Project A - GOOD Choice Project B - POOR Choice
Has many concepts with complex relationships between them, but each resulting class is simple to implement. Has fewer concepts, and classes are difficult to implement due to tricky algorithms and/or fancy graphics.

Project Ideas

Inception Process

Meet as a team, preferably over several days, to perform what probably will be a 3-phase process:

  1. Brainstorm (i.e., uncritically search) for project ideas.
  2. Critically examine each idea to explore its suitability, considering both the desires of the team members and the needs of the course.
  3. Select a few use cases to analyze in depth that are architecturally significant and/or high risk and/or of high impact. This result of this analysis may cause you to return to step 2.

The above process is different from a typical project inception, because it is intended to satisfy the constraints imposed by a 10-week course.

Deliverables

One member of each team sends an e-mail whose subject line is "CS 50 project inception" to the instructor. The message should include a url to a web site with the following information:

Project Title

Give a 1-sentence description of your project.

Team

Give full team names & email addresses (display addresses so that crawlers do not harvest them).

Vision & Business Case

Tersely communicating the project's big ideas, it describes high-level goals and constraints, and the business case.

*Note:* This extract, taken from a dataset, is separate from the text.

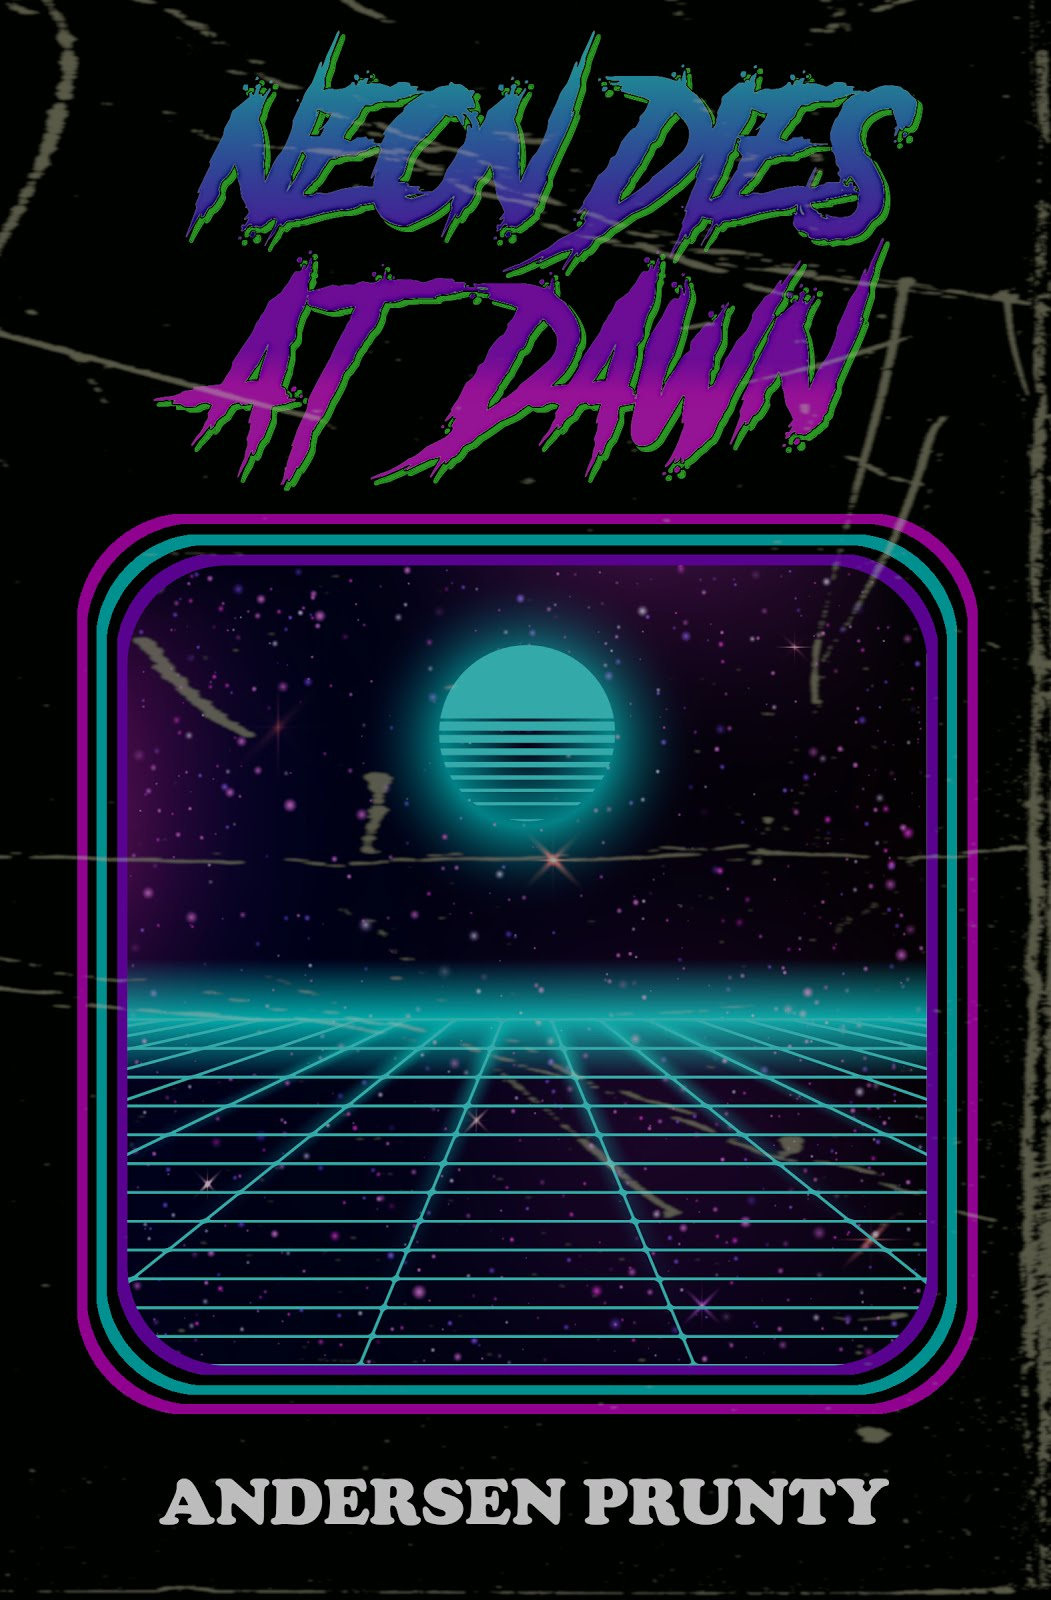 Neon Dies At Dawn

See section 7.6 of textbook for an example and section 7.7 of textbook for guidelines.

Use Case Model

The use case model is a set of typical scenarios of using the system. They primarily are for describing the system's functional requirements. During inception, the names of most use cases are identified. Perhaps 10% of the use cases are analyzed in detail. Use a casual style for your use cases: a title followed by a terse informal paragraph or paragraphs that describe various scenarios. See sections 6.1 and 6.2 of the text for examples. Chapter 6 of the textbook gives good guidelines for discovering and writing use cases.

Supplementary Specification

This contains non-functional aspects of the system (e.g., performance). See example in section 7.4 and 7.5 of textbook.

Glossary

It defines noteworthy terms. See section 7.8 of the text for an example. You do not need to include any data dictionary aspects for the inception.

References

This section is a repository of all references (e.g., other or related work). Definitely include all web references.

Postmortem

This, by definition, is very last thing you do before you turn in your work. During this process, what went well and what did not go well. What would you do differently, if you were to do inception again? What will you do differently for the rest of the project?